Our research revealed several critical pain points in existing chatbot implementations:
These statistics pointed to a fundamental flaw in how we think about AI-human collaboration. Instead of viewing humans as fallbacks for AI failures, we realized they should be integral partners in the intelligence pipeline.
Our Solution Approach
โ The VIA Framework
VIA monitors chatbot-user interactions for warning signs, intelligently escalates to the "best" human to resolve issues, and incorporates resolutions into a feedback loop to improve both AI and human performance.
Our solution centers around three core principles:
1. Proactive Monitoring
Rather than waiting for explicit user complaints, VIA continuously analyzes conversation sentiment, response quality, and user behavior patterns to identify potential issues before they escalate.
2. Intelligent Human Routing
When escalation is needed, VIA doesn't just route to the next available agent. It considers expertise, workload, employee well-being, past performance with similar issues, and even time of day to find the optimal human match.
3. Continuous Learning Loop
Every interaction becomes a learning opportunity. Successful resolutions are analyzed and integrated back into the system, improving both AI responses and human agent preparation for future similar scenarios.
Product Architecture
We built VIA using modern agentic frameworks, specifically LangChain and LangGraph, to create a system where intelligent agents can collaborate seamlessly while maintaining clear separation of concerns.
The system architecture follows a microservices approach where each agent operates independently but can communicate through a central orchestration layer. This design allows us to upgrade individual agents without affecting the entire system.
The Four Core Agents
VIA's intelligence comes from the coordination of four specialized agents, each with a specific role in the human-AI collaboration pipeline:

Frustration Agent
The Frustration Agent acts as our early warning system, continuously monitoring user inputs for signs of mounting frustration or dissatisfaction.
Quality Agent
Before any chatbot response reaches the user, the Quality Agent evaluates its adequacy and potential impact.
Routing Agent
When human intervention is required, the Routing Agent performs the critical task of selecting the optimal human agent.
- Current workload and availability
- Historical performance with similar issues
- Employee wellbeing and stress levels
- User frustration level and urgency
- Time zone and language preferences
- Recent feedback and success rates
Context Manager Agent
The Context Manager ensures that both AI agents and human representatives have access to all relevant information for each interaction.
Agent Demo
Below are screenshots from our demo showing the agents in action.

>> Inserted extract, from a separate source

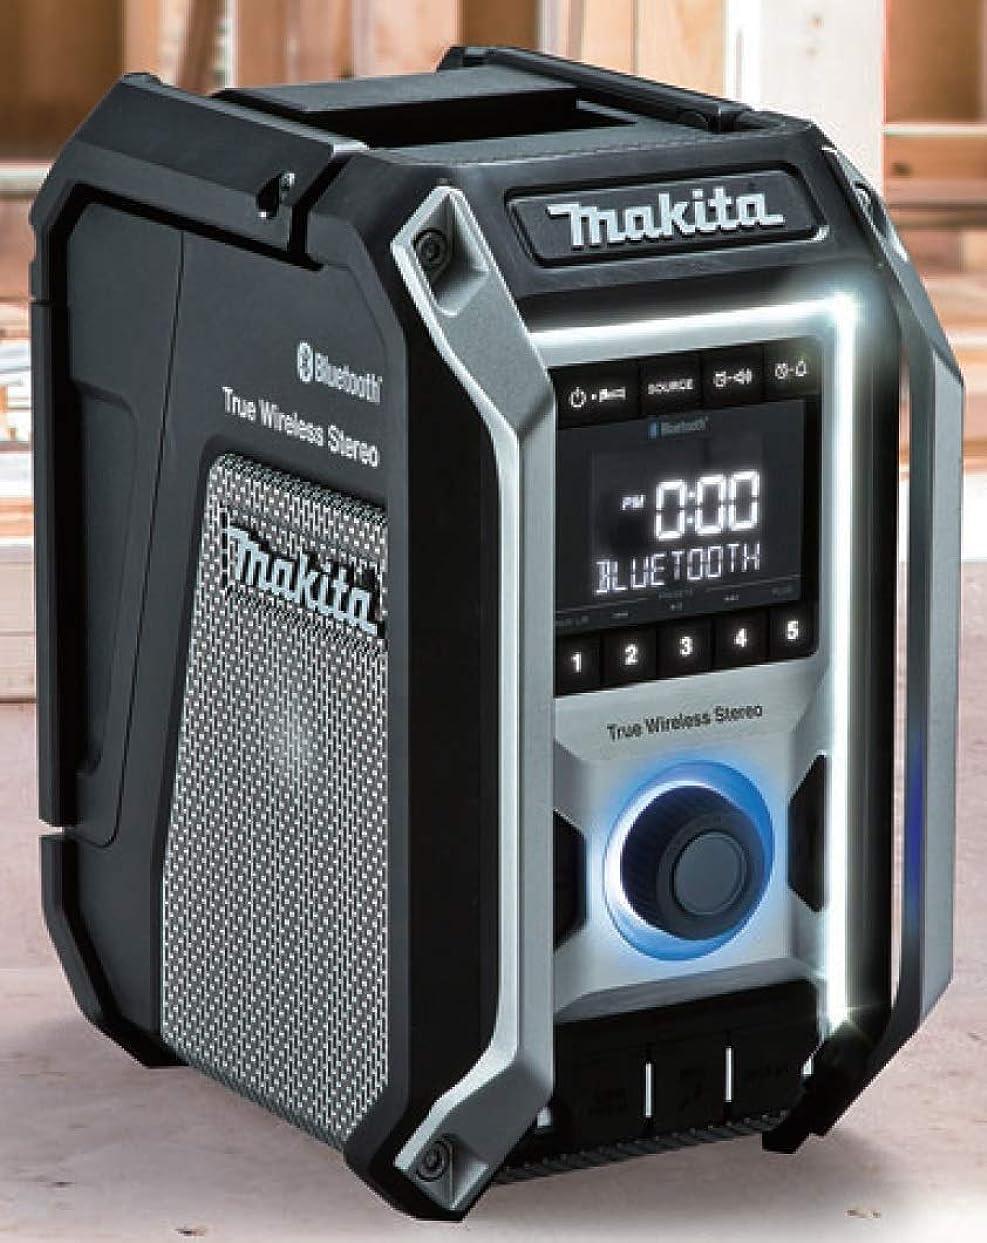 ルアー救いソーダ水マキタ(makita) 充電式ラジオ 本体のみ(バッテリー?充電器別売) MR113B 黒色 Bluetooth対応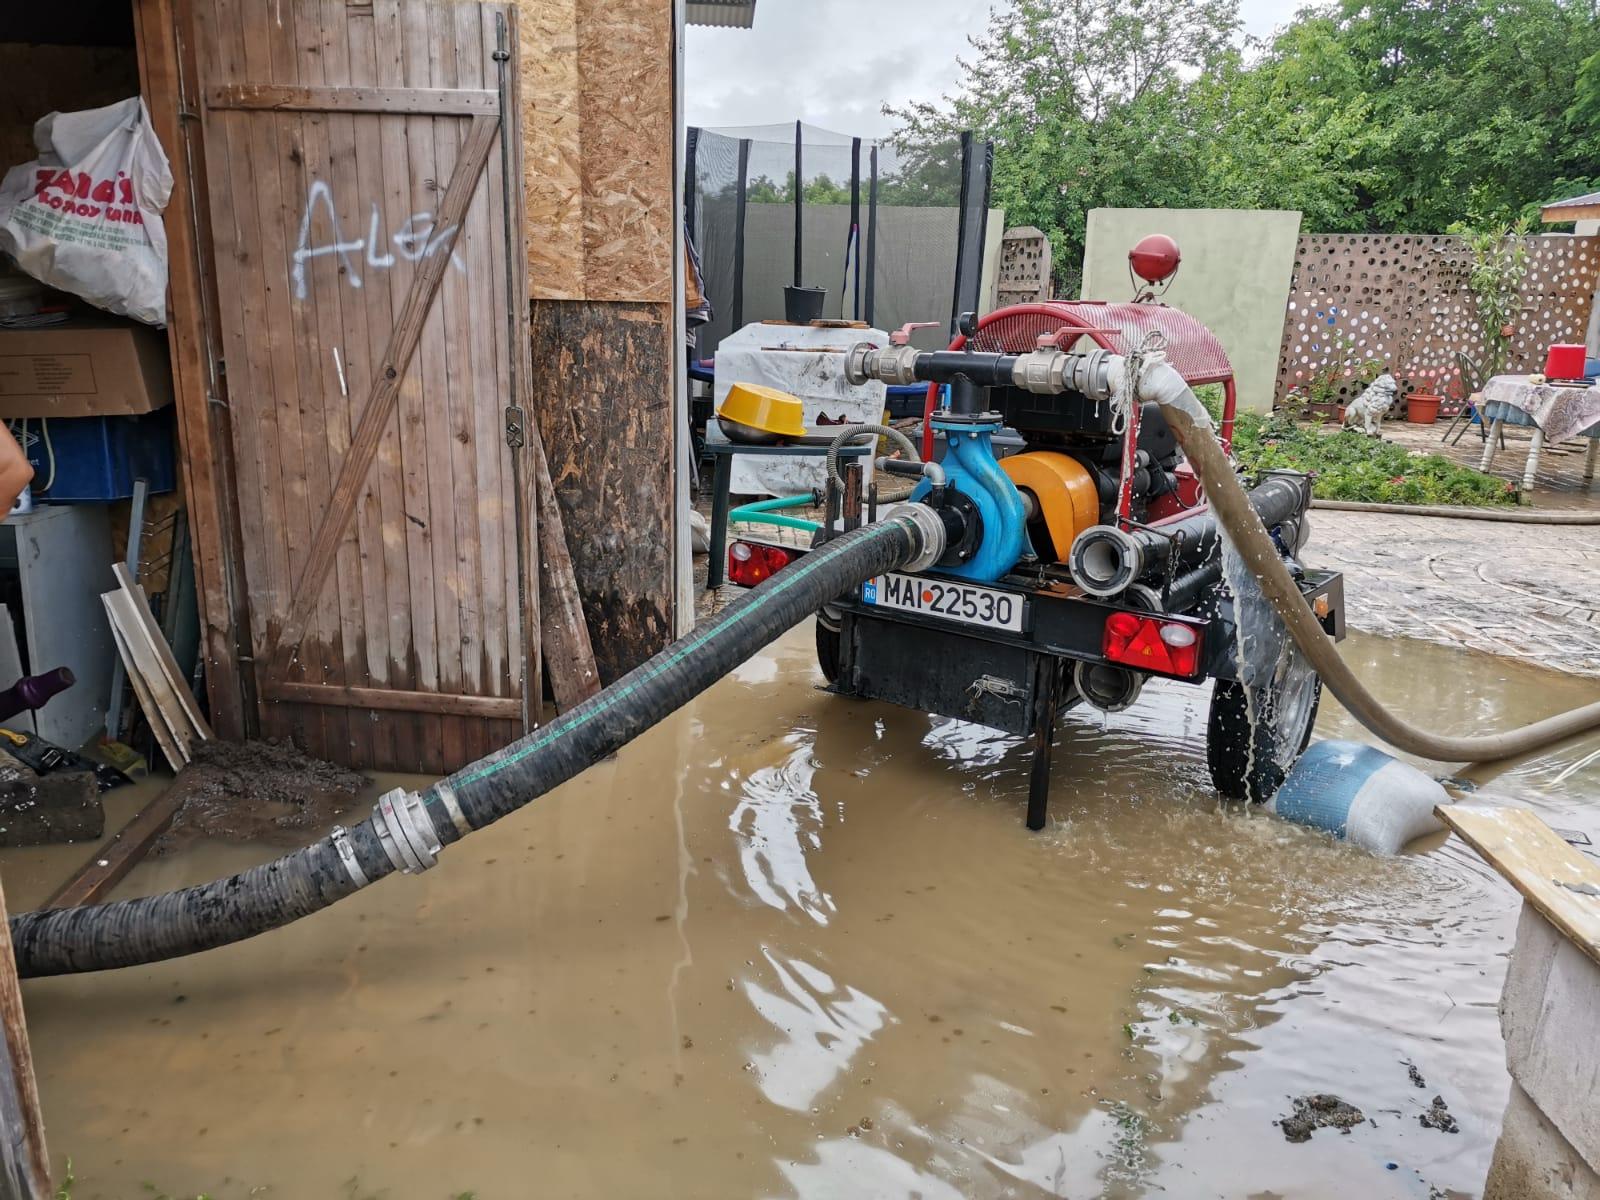 Zeci de gospodării inundate și un drum impracticabil, în urma inundațiilor produse miercuri spre joi noaptea

I created a simple Gradio app and hosted it on Hugging Face Spaces: VIA Agent Demo.


Demo Walkthrough
Let's walk through how each component of VIA works in practice, using screenshots from our technical demo.

Chat Window
Our concept is that this design can improve any chatbot, including pre-existing ones, and for this prototype we had Gemini pretend to be an Insurance Company support chatbot.

Frustration Analysis
This agent reviews the user input before it reaches the chatbot, looking for signs of frustration, which in this case was ALL CAPS, as you can see above in the chat window.
Gemini scores the frustration on a scale of 1 to 10, and if the threshold is exceeded (we use 7 in the config .yaml file), then escalation occurs.
Frustration score: 8.0/10 - Escalation triggered

Quality Analysis
The Quality Agent in a similar manner intercepts and reviews the chatbot's output back to the user, with Gemini rating it on various factors.
In this case, there is no quality analysis because the frustration agent escalated and pre-empted any response from the chatbot.

Context Management
The Context Manager is one of the keys to our system, but needs a lot of work. It currently relies on multiple SQL queries and is not very fast or efficient.
When complete, though, it will deliver relevant information to the other AI agents and to the human agents in addition to integrating key human insights back into the system in a continuous loop.
- User interaction history
- Similar resolved cases
- Product knowledge integration


Intelligent Human Routing
When escalation is needed, the Routing Agent analyzes available human agents and selects the optimal match. This is another key feature to our system, and again, one that needs a lot of work.
In this demo example, agent Sarah Chen was selected based upon various factors that the model scored and any other context provided.
She has 5/5 experience and "escalations" are one of her areas of expertise, so she gets selected a lot in the demo for frustation escalations. This is something that needs be better modeled to balance the workload.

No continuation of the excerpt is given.